I set the board up on a high table behind our couch, which is in the middle of what we'll call the great room that is our living room and kitchen. about 24x16. There are two rooms off of this one where people could confer, as well as our porch (which was good for the smokers). We had tons of food and beer and liquor. I decided on a 30 minute first turn, and then 15 minute turns thereafter, except for builds and retreats, where you have 5 minutes. To make everyone's lives easier, I wrote up a handy guide with examples for how to write out every type of order. I even made myself a little shorthand system that somewhat mirrors webdip with arrows for 'move', pluses for supports, and a circled 'c' for convoys. The result is that people wrote their orders properly, and aside from some issues about confusing borders (a denmark-> berlin). players would write down their moves, hand them to me, and then i adjudicated moves using realpolitik.

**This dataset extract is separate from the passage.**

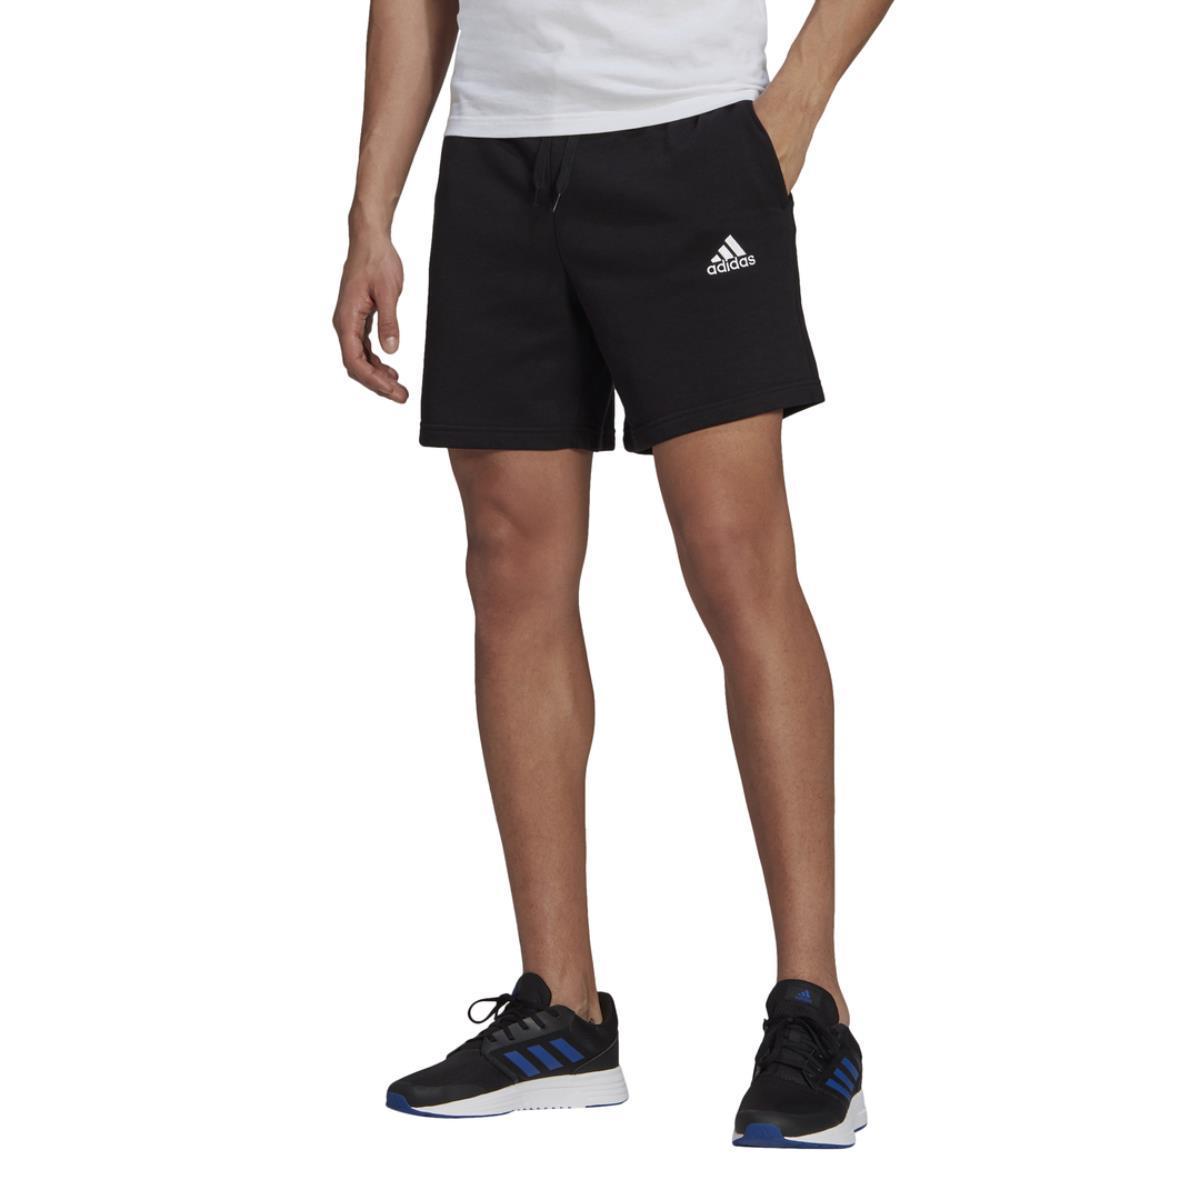 Shorts Adidas Essential con logo ricamato da uomo rif. GK9600

this next bit i thought was pretty clever: i would take a screencap of the results, rename the resulting image file, and drop it on to my webhost. I would point the wii's browser at that image file, and display the current game map on our flat screen tv! people could also look at it on their smartphones. this was useful to talk about the game in places other than at the board. it was also helpful in updating the board. updating the screen was the big dramatic reveal of who got what. that worked out great.
We got started around 7:30 and played until 1am. We had some delays at the end of some turns because a couple anxious players were stressing their moves. But in that time, we got to 1905 adjustments.

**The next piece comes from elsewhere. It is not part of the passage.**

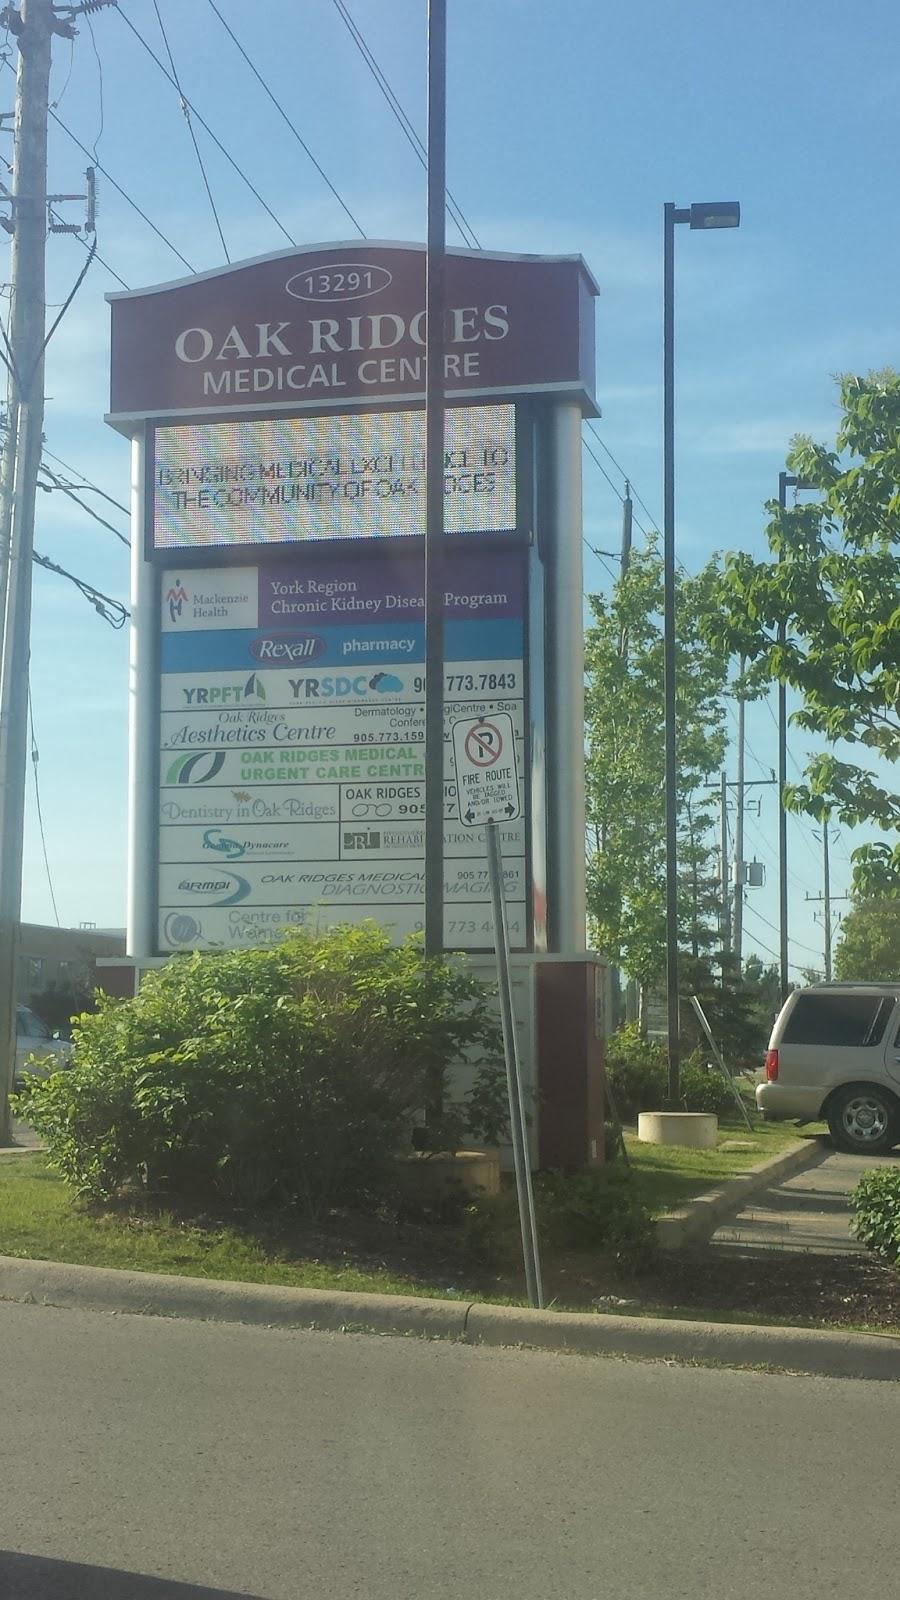 Dynacare Laboratory and Health Services Centre | health | 13291 Yonge St #103, Richmond Hill, ON L4E 4L6, Canada | 9057737936 OR +1 905-773-7936

Much of a face to face game is about the people's respective personalities and relationships. England(f) is married to Austria(m), and Russia(f) and Italy(m) had just started dating two weeks prior. Turkey(m) once slept with Russia's sister, and France(m) is the closest thing I've met to a real live Paladin. Germany(m), Austria and Russia and I are in a band together, and France used to be, but left for grad school to be replaced by Austria.

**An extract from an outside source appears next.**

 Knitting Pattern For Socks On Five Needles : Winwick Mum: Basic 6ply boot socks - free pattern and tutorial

Russia forsook her builds to go straight for germany and turkey, while I/A worked a key lepanto. E/F tore into germany. Turkey barely stayed alive, with his home centers, but surrounded by austria and italy, who were just about go at each other's throats. Austria had gutted russia (who had just gone out at 1905), but italy still owned serbia and bulgaria. Italy stabbed first, but we didn't see the result, due to it being 1:30 am and we were all very drunk and tired. France had just started to push into the med after Germany fell (also right around the same time as russia), while england continued to pressure north and east, eventually against austria.
areas to improve before next game:
i need a better looking adjudicator. realpolitik looks like crap. also, i am not sure about its rule system because i saw some moves fail that shouldn't have (a unit moving from berlin to silesia, with no bounce, and he wasn't dislodged or anything, failed.). I just went in and edited the map to do what I think it should have and moved on. I am considering having people make accounts on webdip, and they play a live gunboat game, using the site as the framework for adjudication and whatnot. I could just point the wii at the gameboard and hit refresh. i am concerned that logging in, entering orders and logging out, at a single machine (for some players don't have smartphones) would be cumbersome.
i need to use a timer on my phone to keep track of turns, not the microwave. i was often out of earshot of the timer and turns frequently dripped over their limit a little bit.
i need to know how to demonstrate moves on the physical game board. how do you arrange and move the pieces to show supports or convoys or whatever? my board has these cardboard pieces that are bullshit, so i can't turn them on their side or whatever.
overall, it went really well, and everyone's eager to play again.